Topics like Finance, Accounting, Economics, and Supply Chain Management were covered, as well as Consulting, and Business Communication. I didn’t end up finishing the program; I withdrew due to COVID health concerns.

 

Yet, despite what by all accounts would have been a negative experience, there was one course that resonated with me. This course was Business Analytics. The subject of Business Analytics was a discipline that I have read about in Harvard Business Review, but I never had a concrete perspective on what exactly the topic was. 


The course itself, on a fundamental level, is a statistics course combined with R programming language. The more I learned in the course, the broader my perspective grew. The course is so much MORE than another math class; the skills learned in this course, can aid business managers in making high-impact decisions that are useful in organizations.

 

Now, this class was tough. Homework assignments were 3, no, 4 hours long. Students needed to assimilate the statistical material learned in class and apply them to R programming language. 


In fact, coding was the main component of the class. My instructor, Professor Jose, had one goal for the entire class. His goal was to facilitate the learning environment so that students would be able to run a linear regression model from scratch. This is a goal that is worthy of anyone learning analytics. And I am optimistic about learning even more advance methods for making predictions given any data set.

 

Since Georgetown, I have taken two sequential semesters of statistics in my home town, Miami (at FIU), to broaden my skillset, and also to acquire familiarity with the mathematical concepts that I had difficulty understanding while I was at Georgetown.


I am so much better at statistics, having done this. As a side note, I recommend continuing education at the college level during the evening, in conjunction with work during the day. You can use what you learn in the classroom immediately the next day in your work.

 

At this point, I am looking into internships, training and development programs at management consulting firms, and even research positions, that will help me acquire more analytical skills. 
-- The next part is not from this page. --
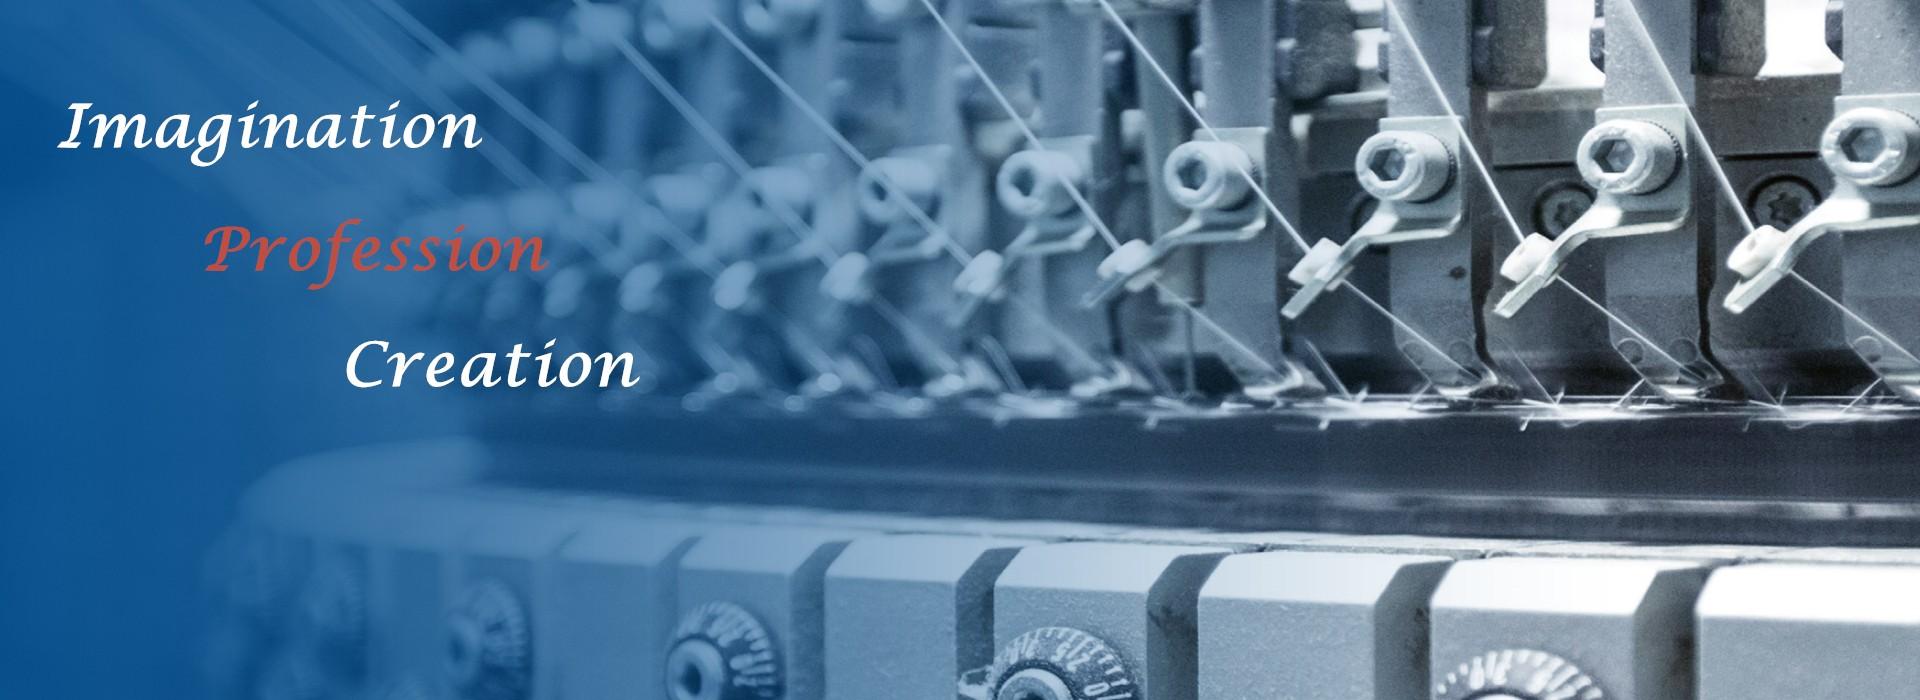 Peças circulares da máquina de confecção de malhas
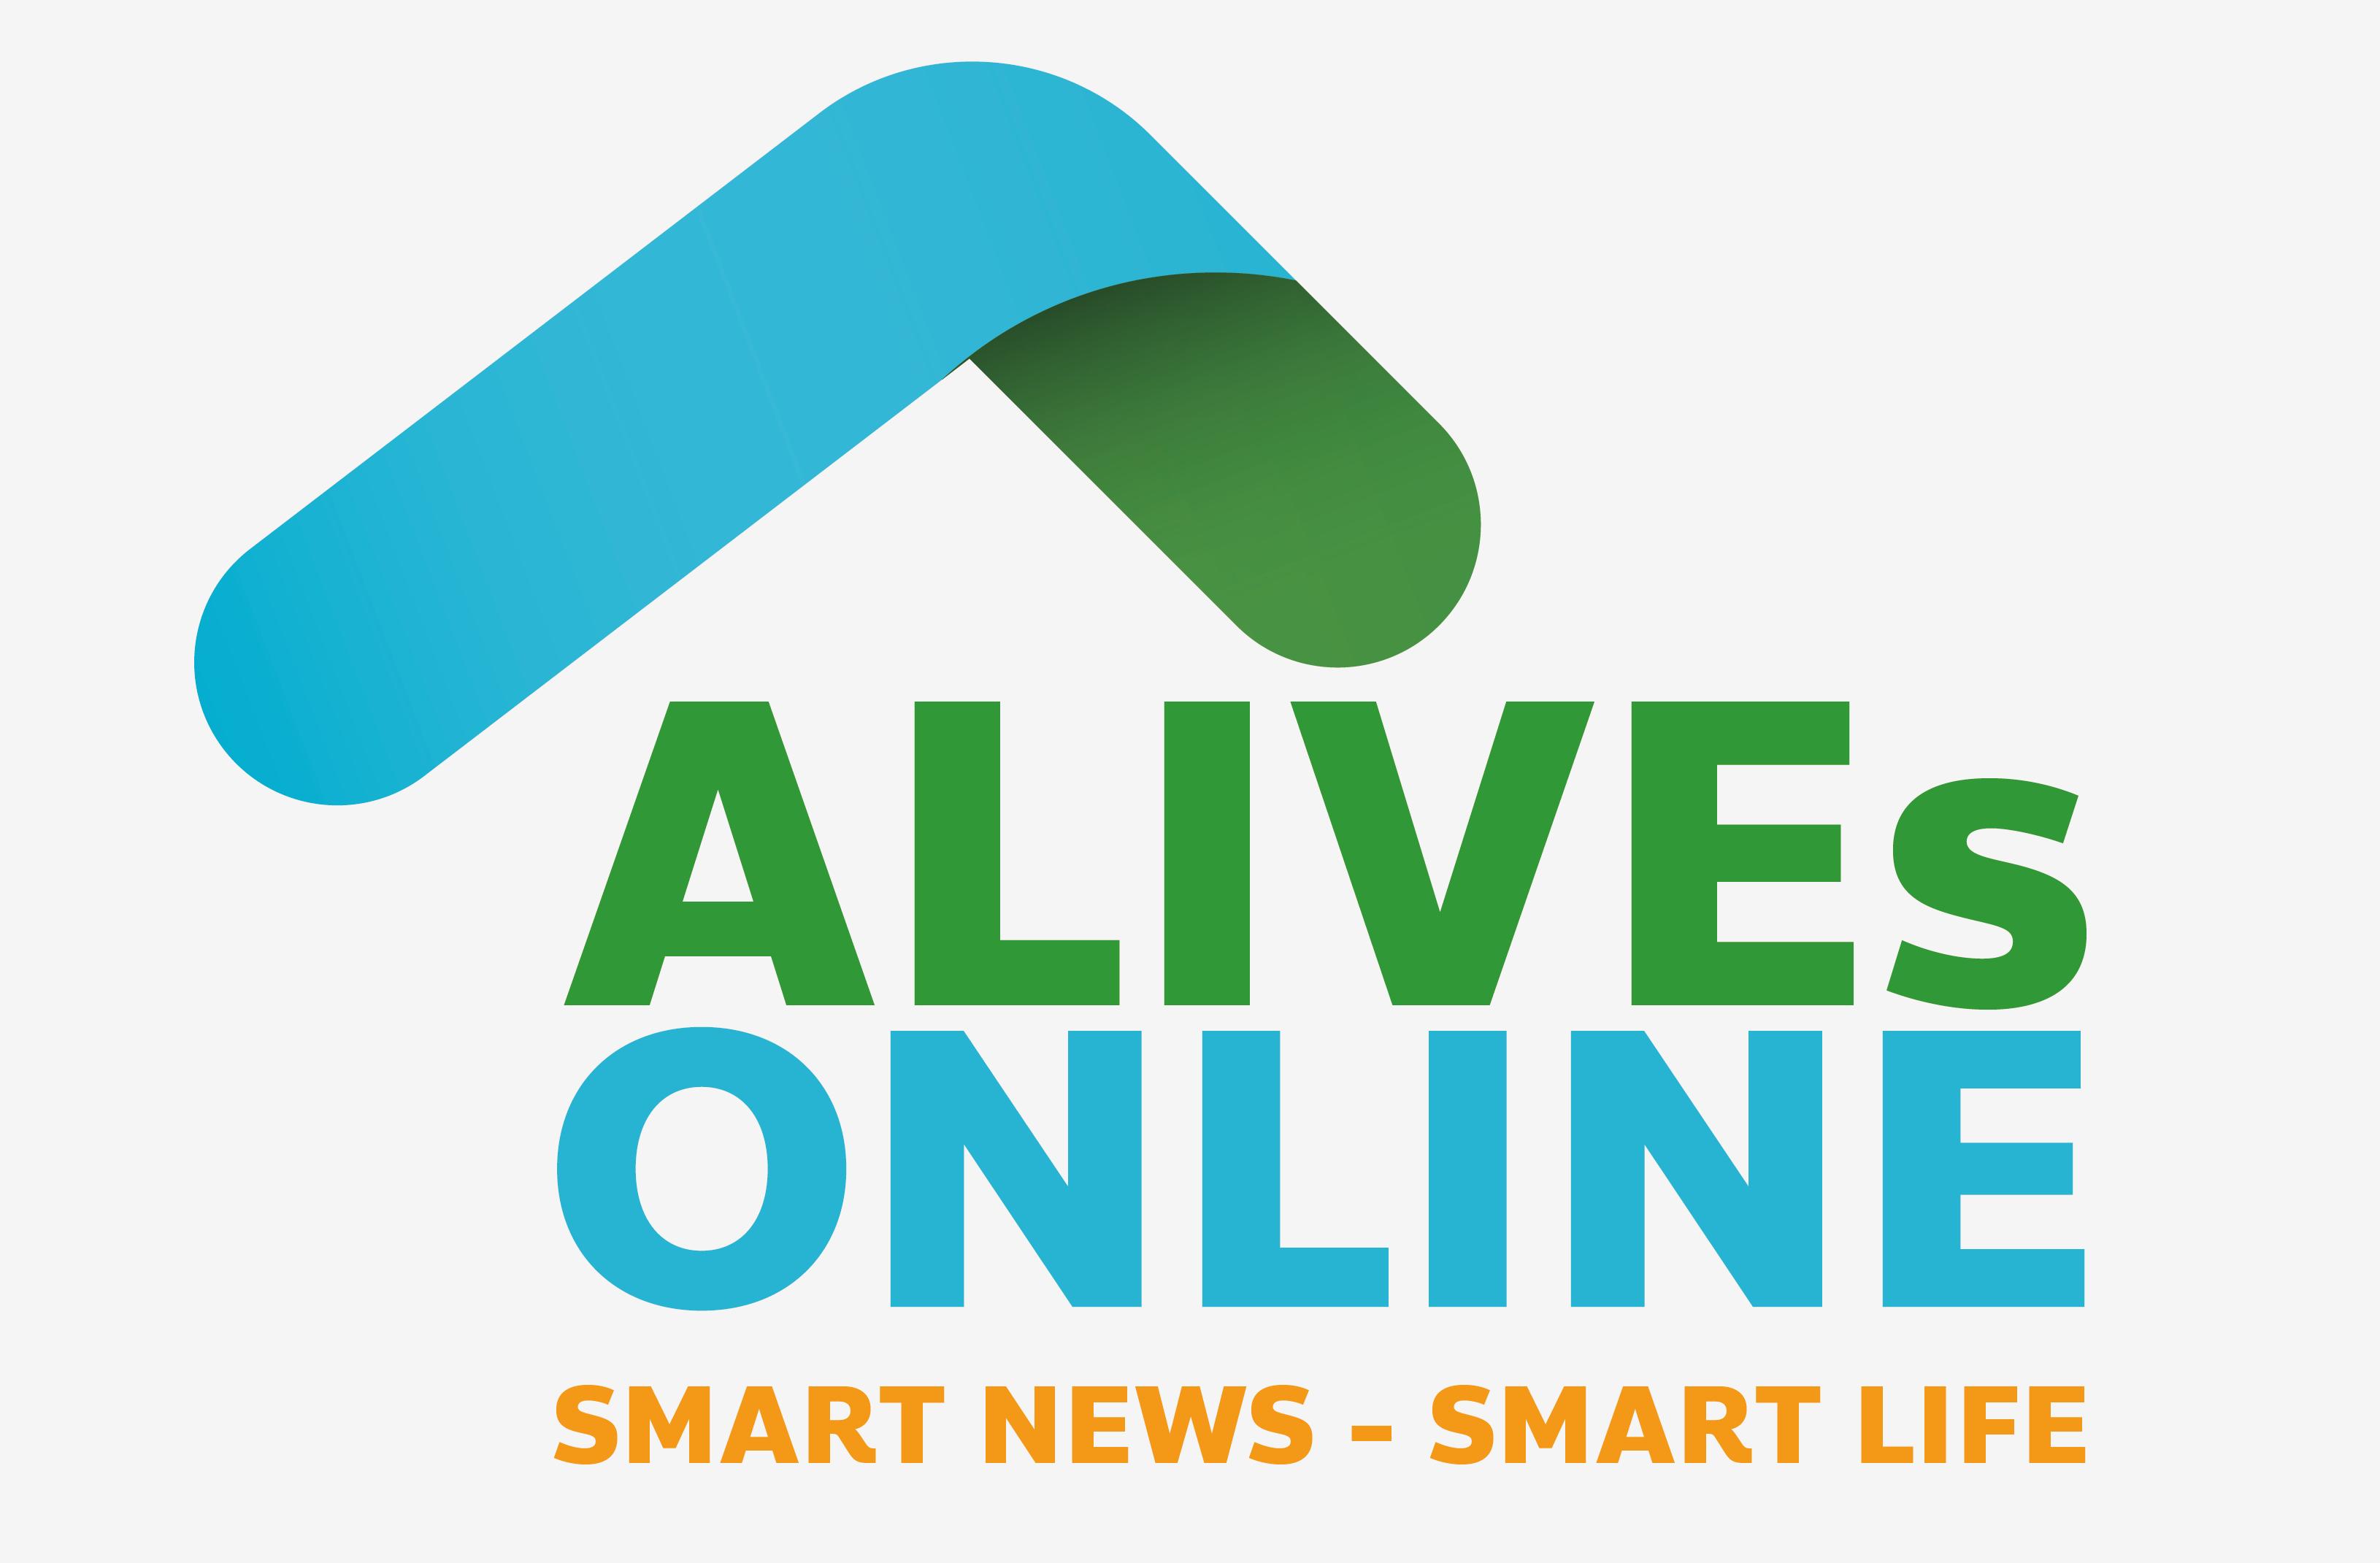 ALIVEsONLINE.com

I am now enrolled in a Business Analytics program at DePaul University. For the next year or so, I will be learning how to use data to make predictions about certain business questions and problems. I couldn’t be more excited.

 

Now that you are acquainted with my situation, I will get to the point of this essay—Multivariate Linear Regression.

 

Since the summer of 2021, I have been studying and learning R programming, and my experience couldn’t be more satisfying. There is something empowering about typing in a line of code and NOT seeing an error message. Those of you who have been frustrated with programming and coding will know what I am referring to.

 

At DePaul, I am learning how to code linear regression models, and there are two fundamental ways of model building that have caught my interest. 


The first way to create a linear model is to build it from the bottom up. That is, you pick a response variable, the variable that you wish to predict, and a predictor variables, the variables that impact the response. 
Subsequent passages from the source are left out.